Outros pontos polêmicos da reforma

Além do distritão e da questão do financiamento eleitoral, outros pontos da reforma também estão longe do consenso e são questionáveis do ponto de vista da melhora efetiva do sistema político. Uma delas é a alteração das datas das eleições. Atualmente, elas ocorrem separadamente: em um período, são realizadas em âmbito estadual e federal (deputados, senadores, governadores e presidente); dois anos depois, acontecem as municipais (vereadores e prefeitos). O documento final prevê a coincidência de todos os pleitos de cinco em cinco anos a partir de 2022.

Para haver a coincidência, a duração dos mandatos seria alterada. Os senadores eleitos em 2018 teriam mandatos de nove anos – hoje a duração é de oito – e teriam mandatos de cinco anos a partir de 2027. Os outros cargos do Legislativo e do Executivo também passariam a ser exercidos por igual período de tempo.

Argelina Cheibub Figueiredo não vê razões para modificar os ciclos eleitorais. “Acho que seria muita coisa para se decidir ao mesmo tempo [caso as eleições coincidissem]. No Brasil, já há uma centralização na eleição presidencial, e isso se acentuaria”, pontua. Ricardo Gebrim também vê a medida como desnecessária. “Tradicionalmente, os regimes políticos estabeleceram eleições compartimentadas para evitar que um partido tivesse absoluta vitória”, diz. “Mas, sinceramente, pelo problema que o Brasil vive, a questão da corrupção no sistema político, acho que essa isso é absolutamente secundário, pois não enfrenta os problemas principais”, considera.

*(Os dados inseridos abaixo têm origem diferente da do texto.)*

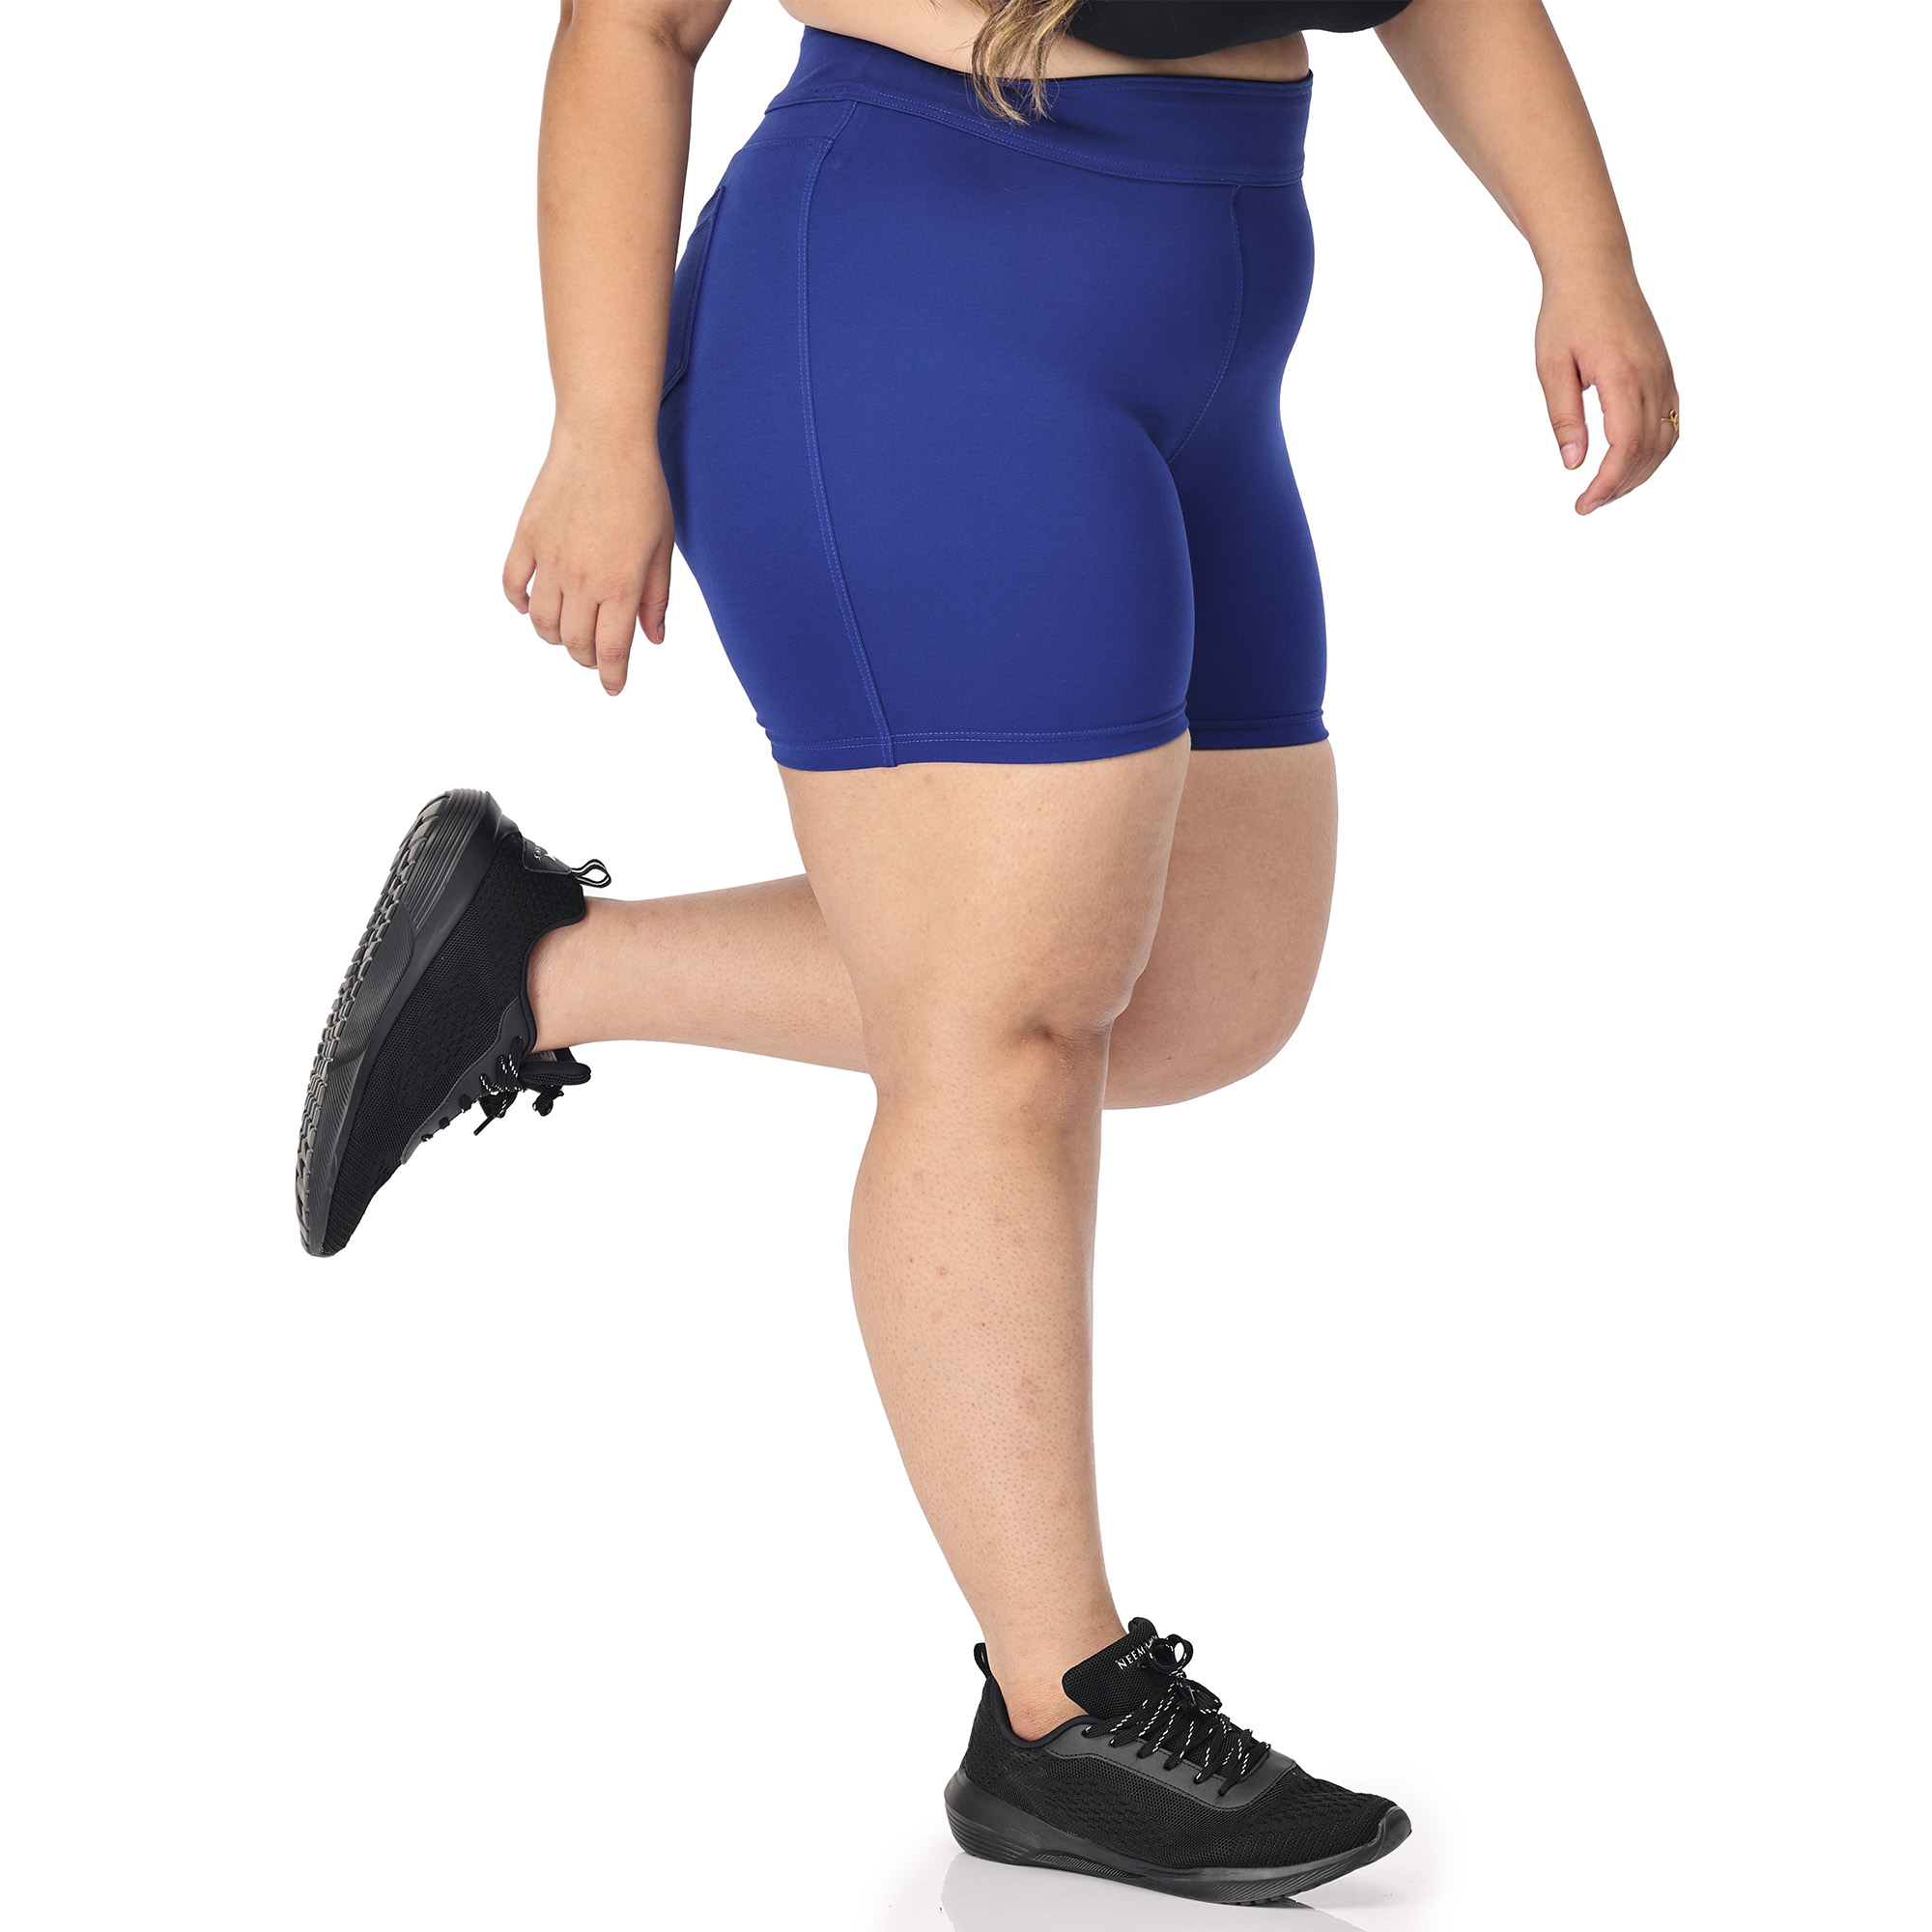 Royal blue shorts women -Plus size active shapewear-2bk pockets

Discutida em outras ocasiões, a cláusula de desempenho partidário, de acordo com a proposta, será implementada de forma gradual a partir das próximas duas eleições gerais, 2018 e 2022. Em ambas, só terão direito a recursos do fundo partidário e acesso ao horário gratuito de rádio e à TV partidos com representação no Congresso Nacional. Entre 2022 e 2027, a exigência passa a ser a representação legislativa e a obtenção de, no mínimo, 1% dos votos apurados. Depois desse período, passa a valer o mínimo de 2% de votos nacionais. Como a ideia é que as coligações também sejam proibidas e permitidas somente nas eleições majoritárias, a existência de alguns partidos menores passa a ser ameaçada. O Diap estima que o número de partidos com representação no Congresso Nacional se reduziria em um terço somente com essas duas medidas.

A novela da reforma política ainda terá novos capítulos além da trama que se desenrola nesta semana. No Senado, há outros projetos sobre o tema e os movimentos e as entidades que batalham por uma reforma política democrática prometem seguir mobilizados para não deixar que alguns aventureiros lancem mão de uma bandeira que, definitivamente, não é deles.